Overall diameter(in) = wheel + 2 × (width × aspect ÷ 100) ÷ 25.4. Speedometer error % = (new − old) ÷ old × 100. True speed = indicated × new ÷ old.

Worked example

225/65R17: 17 + 2 × (225 × 0.65) ÷ 25.4 ≈ 28.5 in. 245/60R18: 18 + 2 × (245 × 0.60) ÷ 25.4 ≈ 29.6 in. Error = (29.6 − 28.5) ÷ 28.5 × 100 ≈ 3.7%. True speed at 60 indicated ≈ 62.2 mph.

What affects your result

  • Tread width (mm)
  • Aspect ratio (sidewall height %)
  • Wheel diameter (in)
  • The resulting overall diameter difference
  • Your speedometer's factory calibration

What this estimate includes

  • Old and new overall diameter
  • Speedometer and odometer error percentage
  • True speed at an indicated 60 mph
  • The raw diameter change

What it does not include

  • ×Load-rating and fitment/clearance checks
  • ×Real rolling radius under load and wear
  • ×ABS / stability-control recalibration
  • ×Rim width and offset effects

Good to know

Clear, practical answers about the tire size change calculator.

How do I calculate speedometer error from a tire change?

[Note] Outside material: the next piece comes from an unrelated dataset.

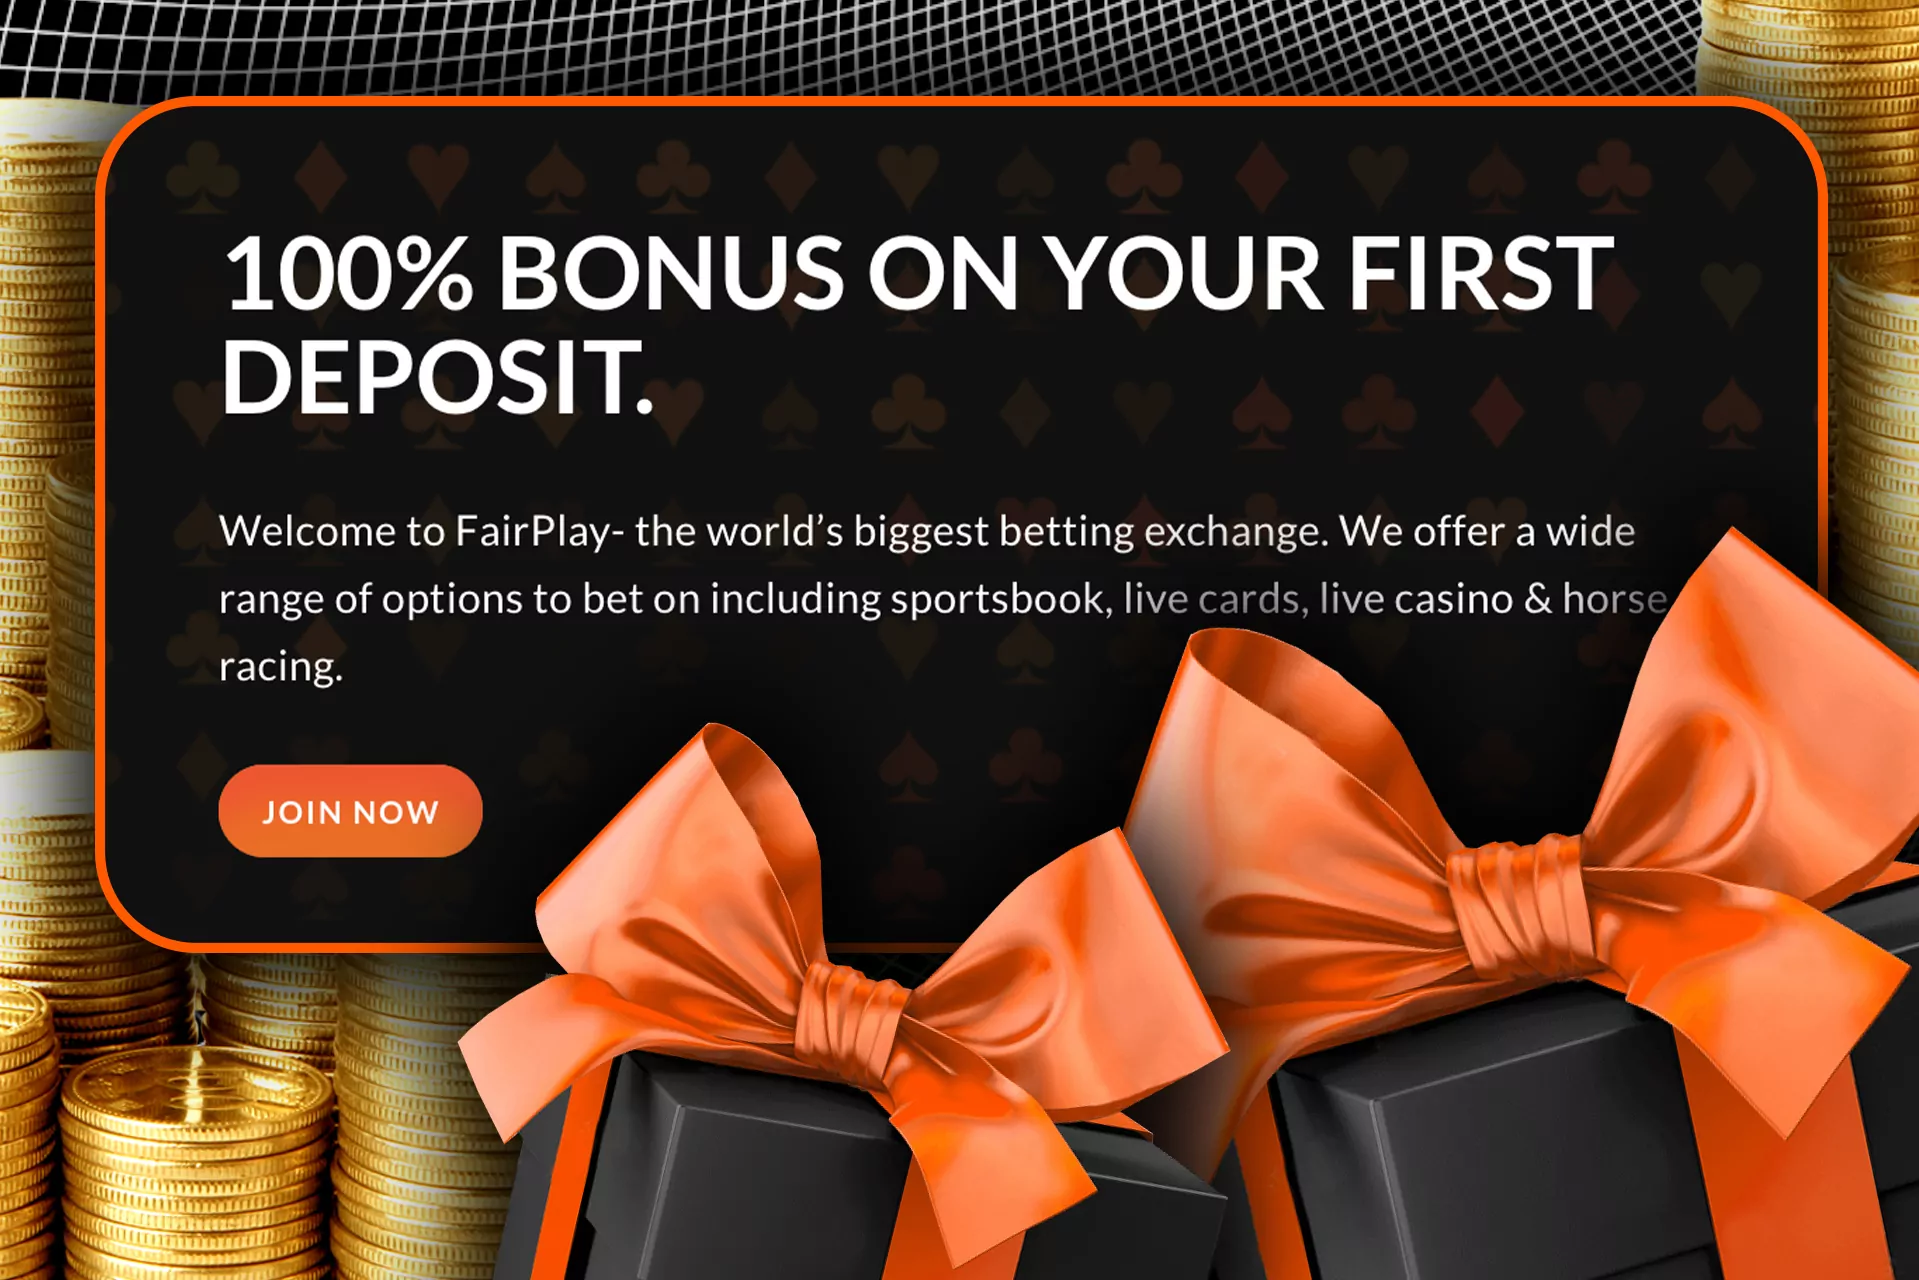 You can get an exlusive bonus right after the first deposit.

Compute each tire's overall diameter, then take the percentage difference. A larger new diameter makes the speedometer read low by that same percentage, so your true speed is higher than indicated. The same percentage applies to your odometer.

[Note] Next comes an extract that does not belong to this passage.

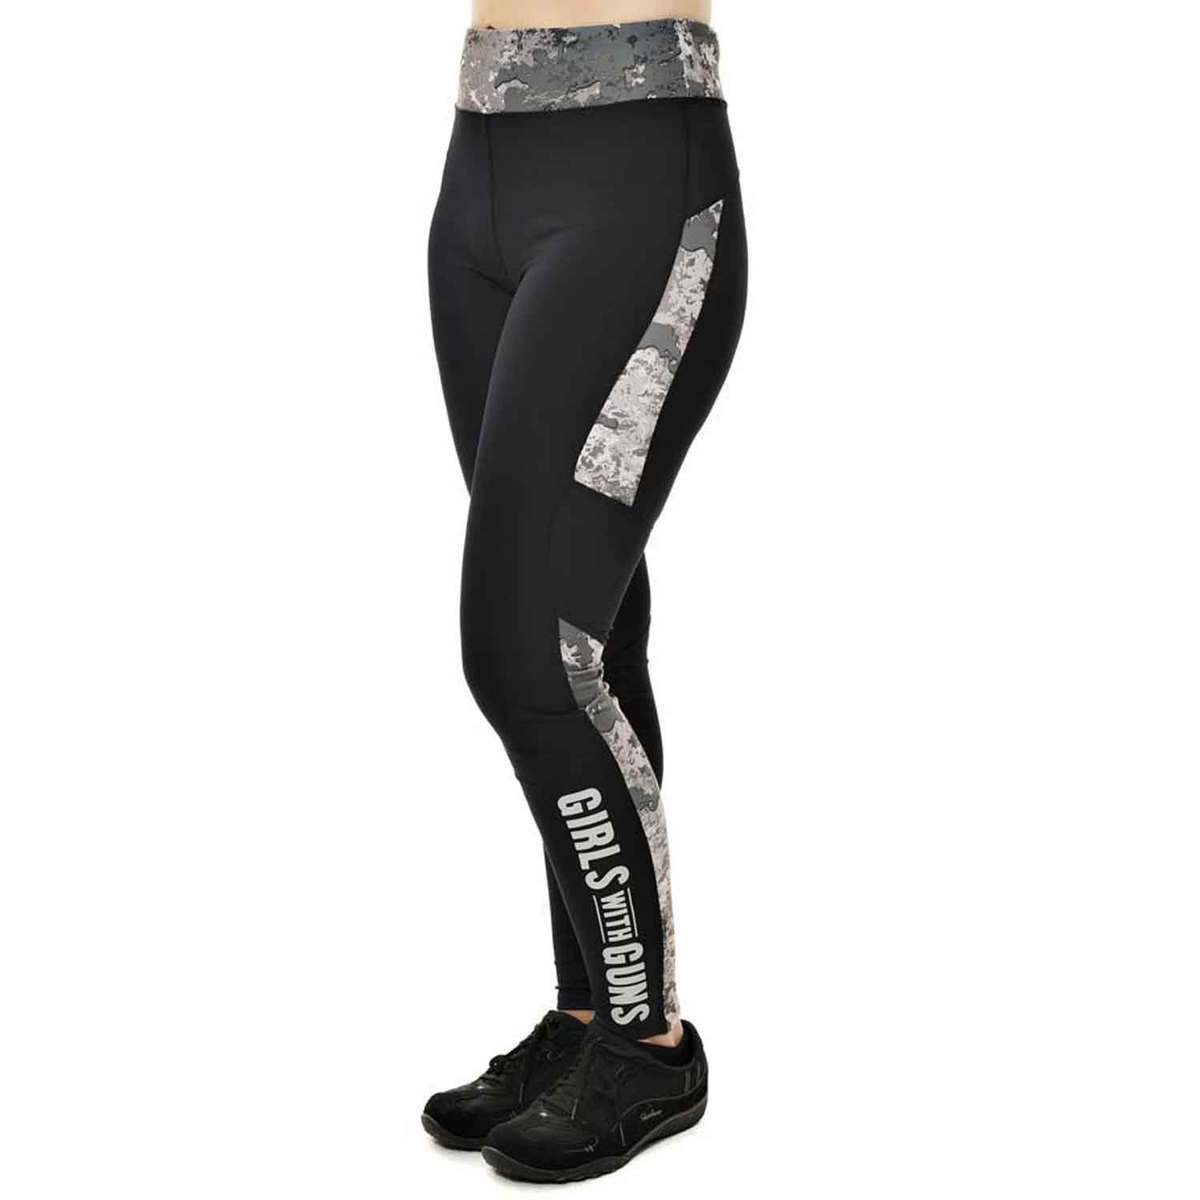 H&m Athletic Leggings Women's  International Society of Precision  Agriculture

How do I read a tire size like 245/60R18?

245 is the tread width in millimetres, 60 is the aspect ratio (sidewall height as a percentage of width), and 18 is the wheel diameter in inches. Overall diameter = wheel + two sidewalls, converted to a single figure the calculator handles for you.

How much tire size change is safe?

A common guideline is to stay within about 3% of the original overall diameter. Beyond that, speedometer and odometer error grow, and larger changes can affect ABS, stability control, gearing and clearance. Always confirm load rating and fitment for your vehicle.